# What the task requires:
Print out the data that follows exactly, character for character, apart from the pictures.

# Dataset excerpt:
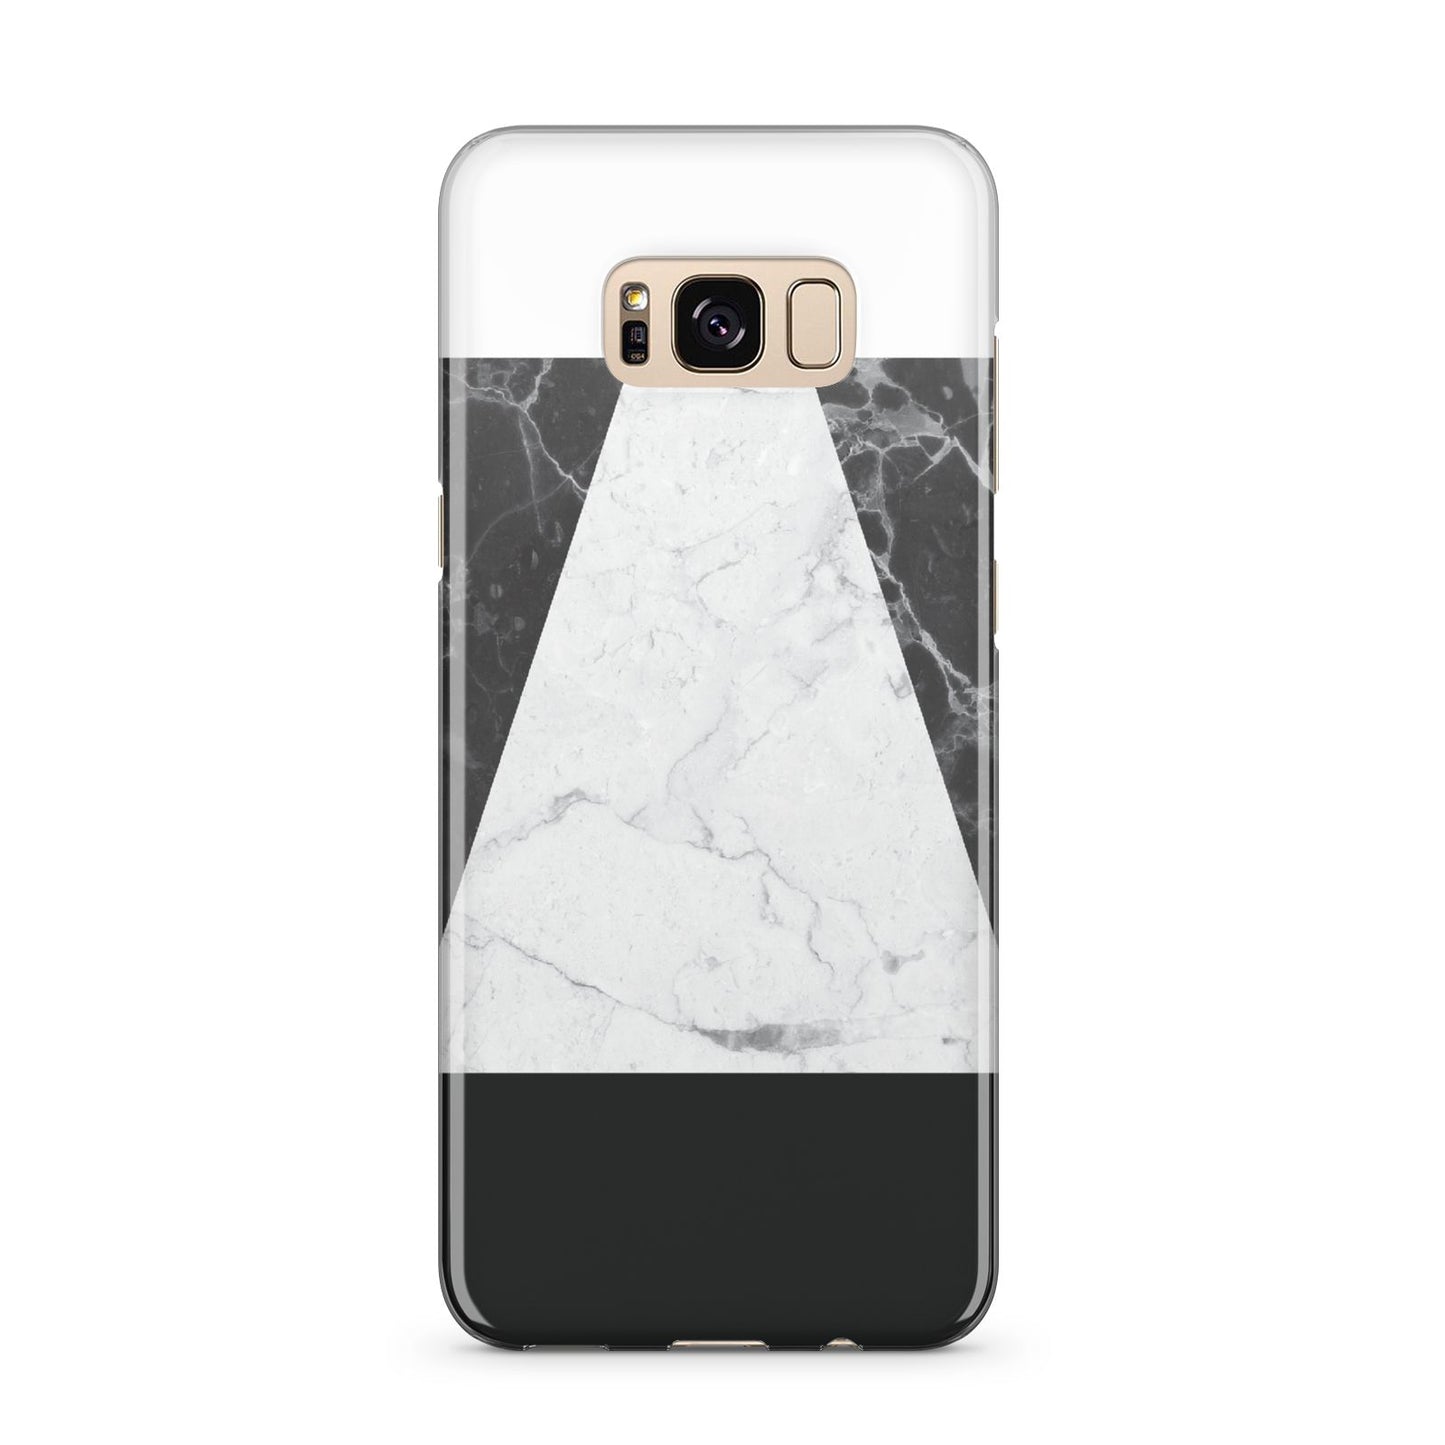 Marble White Black Samsung Galaxy S8 Plus Case
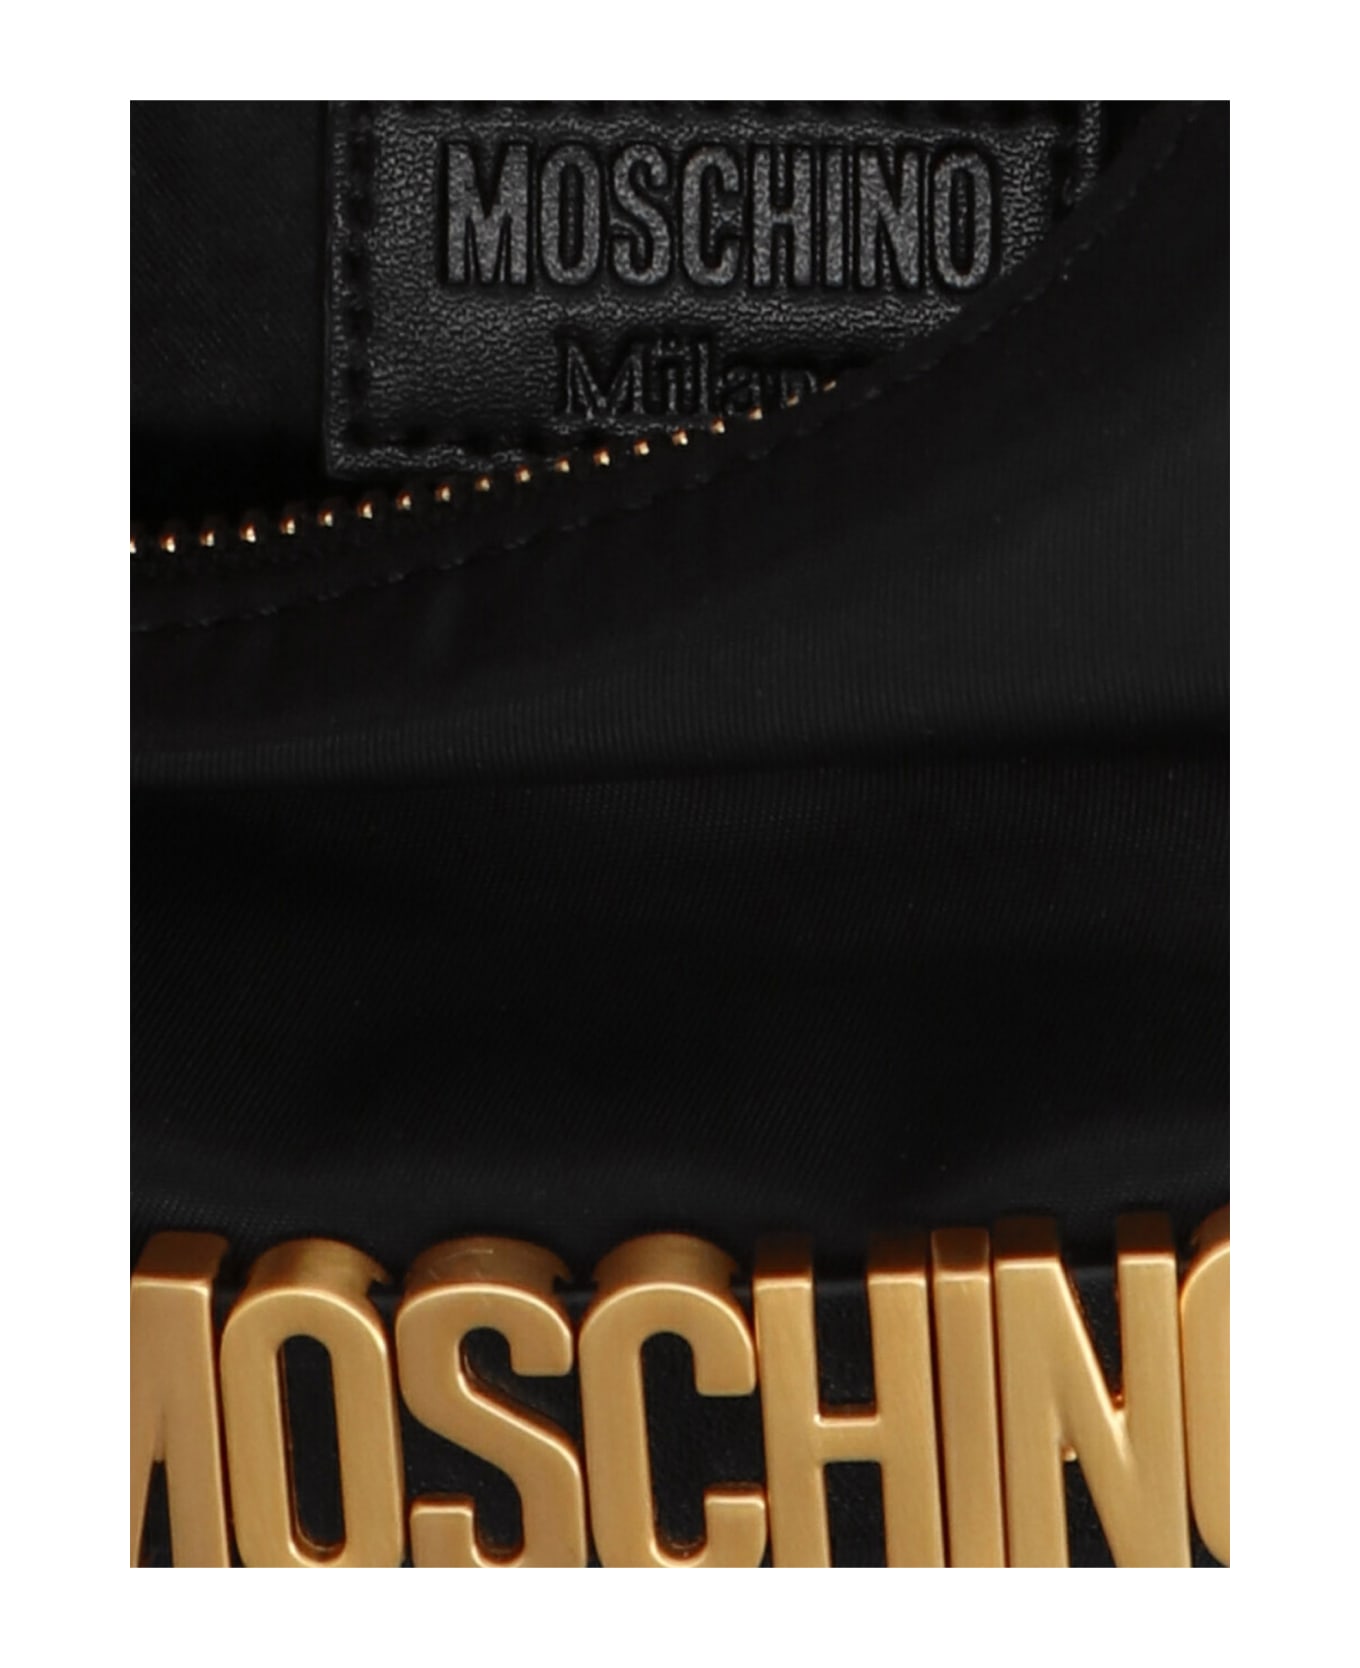 Moschino Logo Clutch Bag - Black  
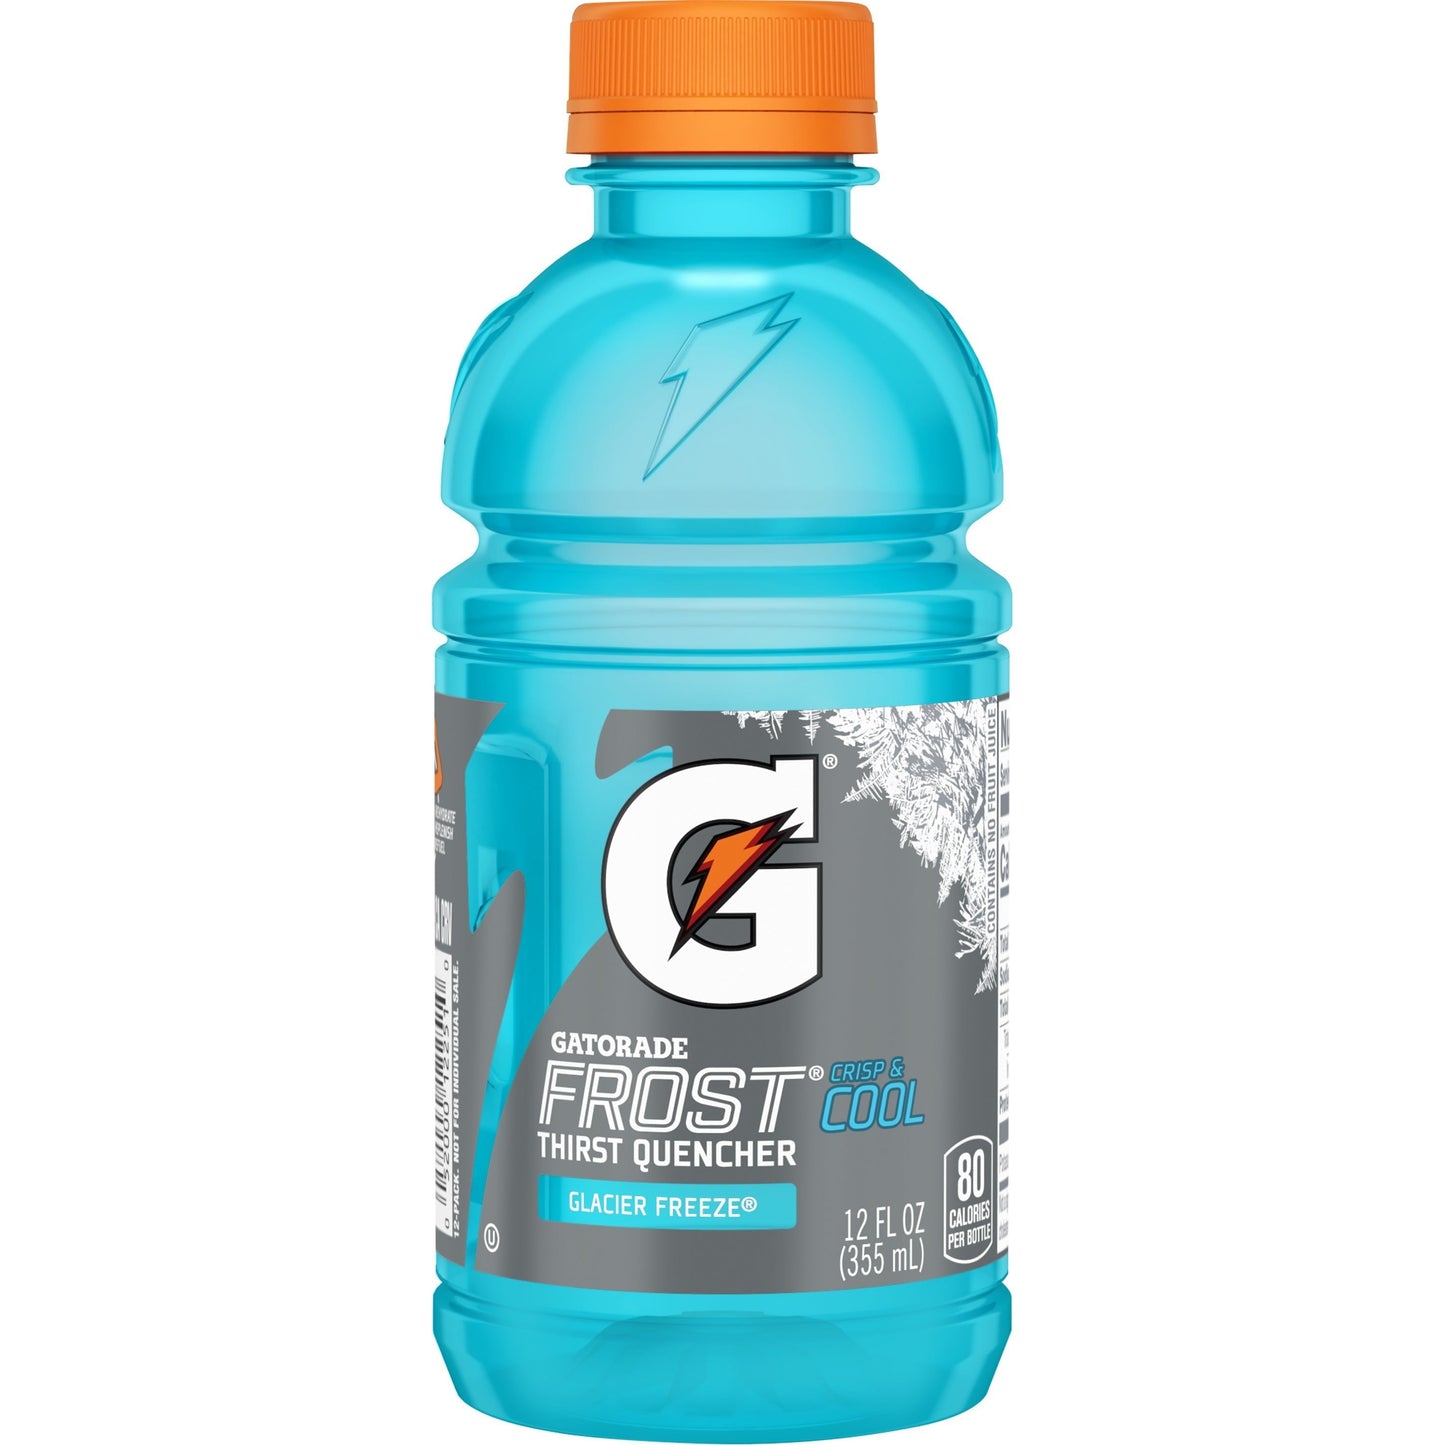 Gatorade Frost Thirst Quencher Sports Drink, Glacier Freeze, 12 oz, 12 Pack Bottles

# Answer for the task:
 Marble White Black Samsung Galaxy S8 Plus Case
 Moschino Logo Clutch Bag - Black  
 Gatorade Frost Thirst Quencher Sports Drink, Glacier Freeze, 12 oz, 12 Pack Bottles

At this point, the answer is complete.